The use of the expression a woman to her sister amplifies the dimension of connectivity. The Mishkan is where connections occur. It represents the connection between God and the People of Israel, and connection between the different Israelite tribes, even as each tribe was performing its designated role. We could also say that once it enters the Promised Land, the Mishkan connects the entire area that was to be settled, because it was located at one spot that people would come to, as pilgrims, from all over the country.  

If so, why not use the same expression of connection in the actual construction of the Mishkan? Instead of the metaphor, the text uses another expression – achat el achat – literally meaning “one against the other.” Why was the metaphor replaced?

Midrash Bamidbar Rabbah on the book of Numbers asks why the verses describing the construction of the Mishkan end with the words “and the Mishkan was one.” It suggests the following answer: “… since it would connect each and every one… it would connect them, making them as one.” It would seem that according to the Midrash, all of the loops were connected at the exact same time, such that the Mishkan was constructed all at once, as a complete structure.

This Midrash can also help us understand the use of the expression “a woman to her sister” when describing the planning of the Mishkan, and the use of the expression “one against the other” when describing the actual construction.

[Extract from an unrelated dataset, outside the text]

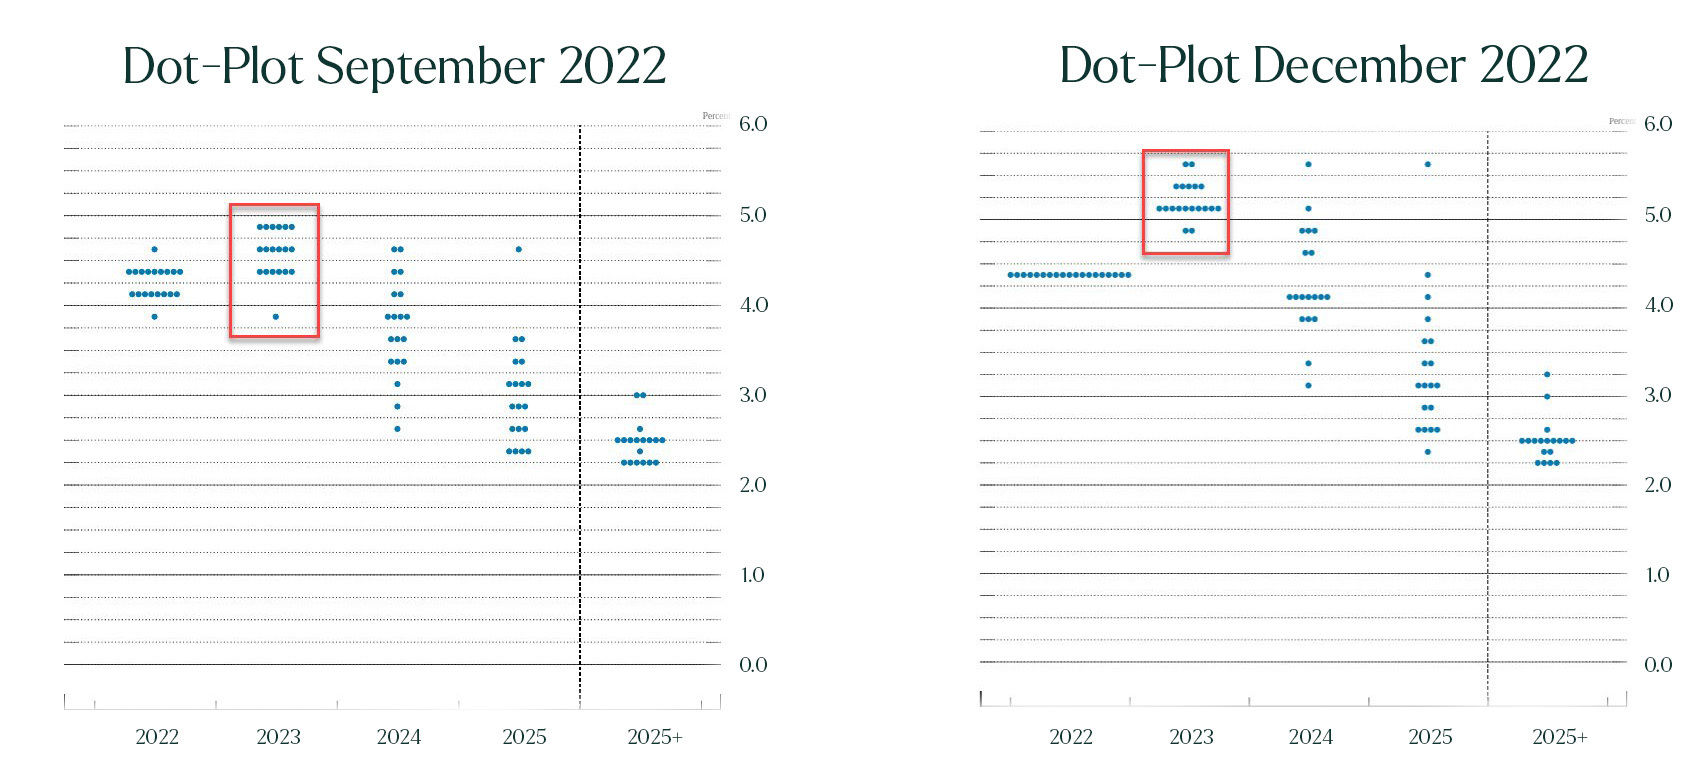 Dot-Plot Fed december 2022 vs september 2022

The path to building the Mishkan requires us to focus, and requires various artisans – each with various artistic approaches and methods of execution – to join forces. Listening to each other is a vital condition we must meet as we work towards building the Mishkan. This is the stage when we realize that there are many people working together to achieve a common goal. The activity requires direction and minimization, and providing space for both men and women. Just like sisters. Once the Mishkan is assembled – once the loops have been linked – the Mishkan becomes one unit. That is what we must focus on. The actual construction of the Mishkan emphasizes the fact that we are one nation, using one Mishkan, built as per the instructions of God, who is one.

This shift from the recognition that we are all individuals striving to create bonds of camaraderie between us, to the understanding that we are a whole and unified nation, is a transition that has been with us from the time we were wandering in the desert and until today.